Oruç insan benliğinin, nefsiyle mücadelesidir.
Muaviye oğlu Yezit bir kişidir, yezitler ve yezitlik ise her daim vardır. Sadece Yezid taraftarları yezitlik yapmazlar. Her insanda bir yezitlik damarı vardır; bu benlik (ego), hırs damarıysa, bu herkeste olabilir. (Kim yapar Alevinin Aleviye yaptığını (?!)) Ve çok büyük bir yanlışlık üzere, Alevilerin de tarihten silmeleri gereken bir önyargıları vardır, bir kısım Alevinin söylediği gibi, Sünni vatandaşlar Yezid ve Sünniler’in büyük çoğunluğu Yezid taraftarı değildir. Zaten Alevi – Sünni ayrımı ilkel bir ayrımdır. Bugün Türkiye’de çoğu Sünni, Alevi gibi yaşamaktadır. (Kara yobazlar yok olsun, onlar insanlığın da düşmandırlar) Belki her zaman söylediğim gibi, bazı Sünniler eğer yaşam tarzı denecekse, Alevilerden de daha iyi bir Alevi kimliğe sahiptirler. Nice nice Sünni kökenli vatandaş da, Aleviler Bektaşiler kadar Hz. Hüseyin yasını çekerler, oruç tutarlar. Hem de bu orucu, Hz. Hüseyin aşkına aynen olması gerektiği gibi tutarlar, bunda bir neden aramazlar…

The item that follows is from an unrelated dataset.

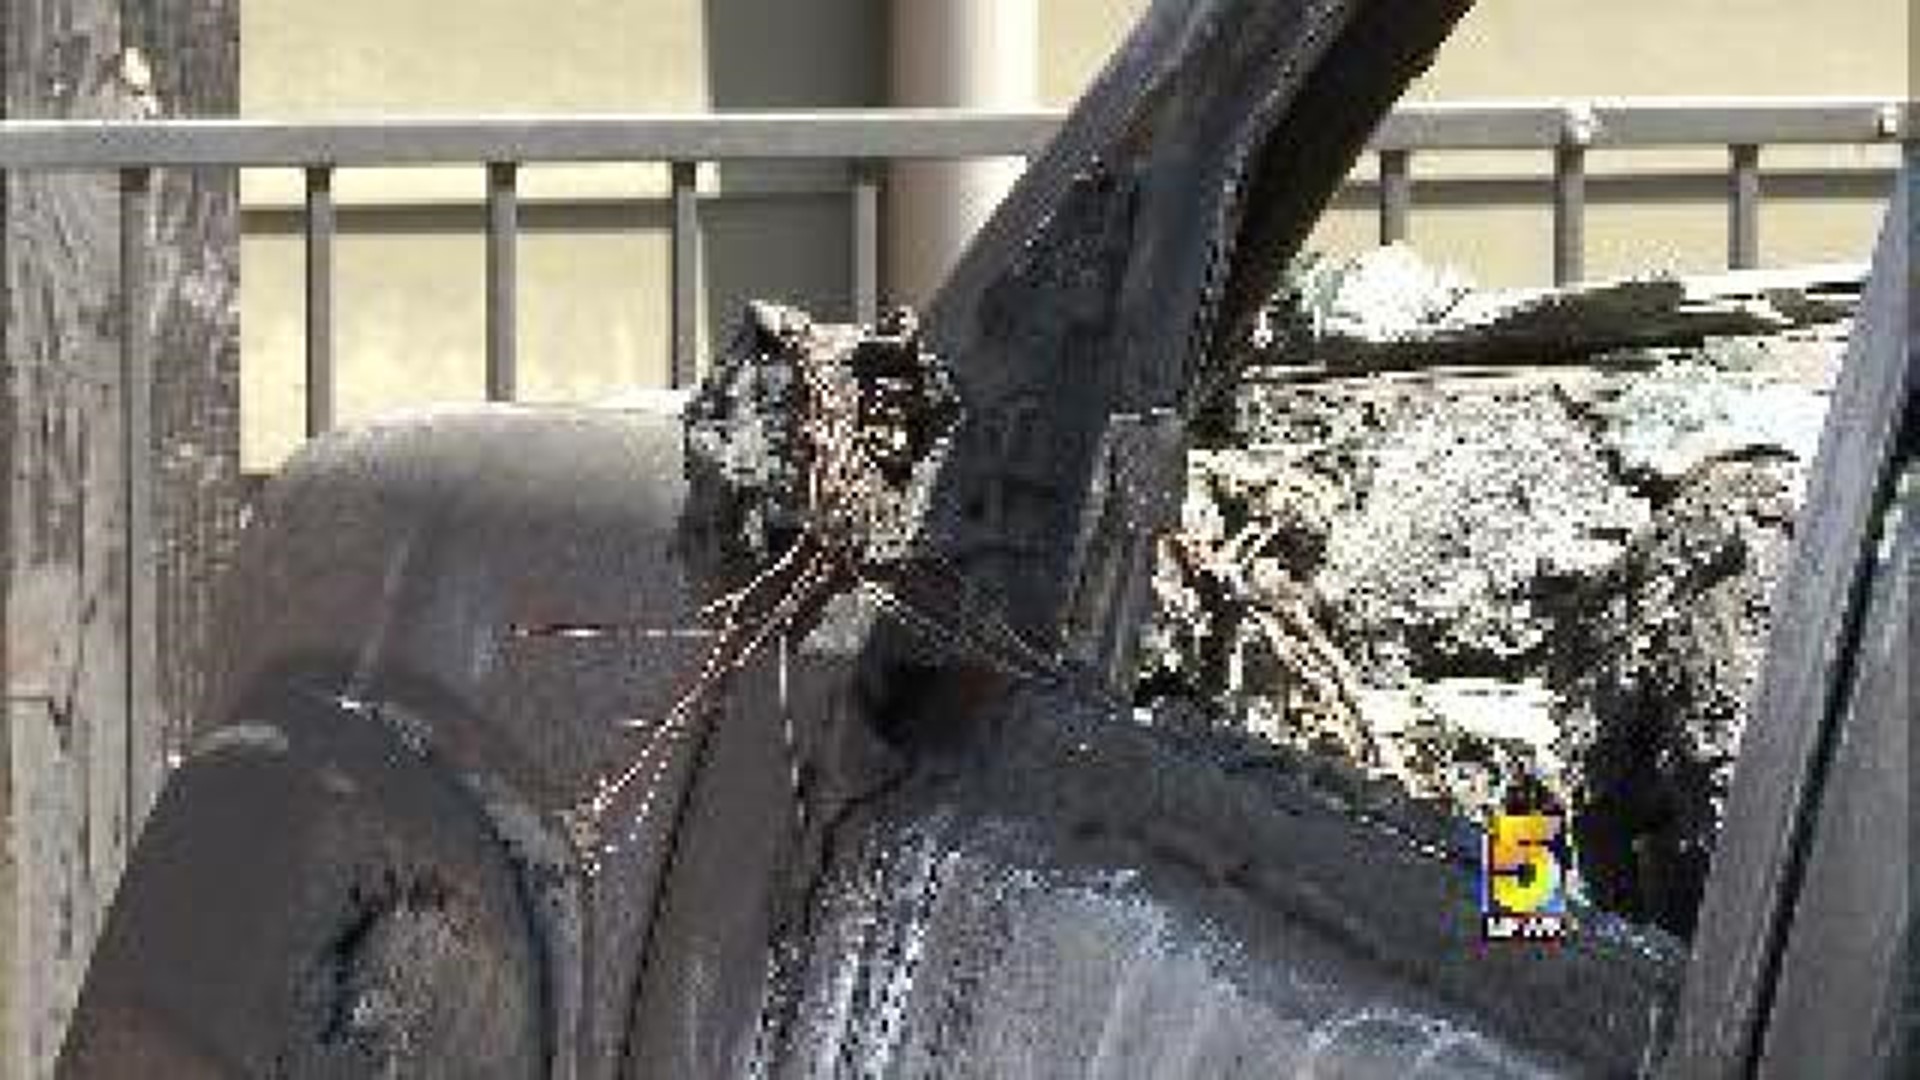 Landlord To Install Cameras After Car Fire

Merak edenler olduğu için söylüyorum; Muharrem’de tutulan oruçta zaman mevhumu çok ciddi değildir. Akşamı dar eden, gözü dönmüş, yolda sağa sola saldıran kimi Ramazan Orucu tutucuları gibi, değildir Muharrem Orucu tutanlar… İster Alevi olsun, İster Bektaşi olsun, ister Sünni olsun… Kim muharrem orucunu tutarsa gerçekten oruç tutmuş olur. Muharrem Orucu tutan; nefsiyle mücadele eder, yemek, içmek, sahura kalkıp iki kat yemek yemek, eğlenmek vs. zaten bu orucun daha doğrusu tüm oruçların mantığına aykırıdır. Kulaklar ezan sesinde, top sesinde değildir. Vakit kavramı olarak, alaca karanlık vardır, akşamdır. Akşam olursa orucunu açar. Şimdi bu şehir ortamında önümüzü göremiyoruz, akşamı tam nereden bilebiliriz, diyenler var. Elbette haklılar. Söylememiz odur ki, dinin şekil şartlarına hapsedildiği, “İslam’ın beş şartı var, imanın altı şartı var” zihniyetinin İslam’a büyük zararlar verildiği gibi, Alevi Bektaşi inanç ve dünyası, şartlara boğmadan insanlara maneviyatı verebilen bir yaşam anlayışıdır. Sabah ve akşamı tespit bu inançta saniyelerle, saliselerle ölçülmez, din şekil değildir, saniye değildir, salise değildir, demek istediğimiz odur. Gün doğumu, gün batımı vardır, kıstas budur.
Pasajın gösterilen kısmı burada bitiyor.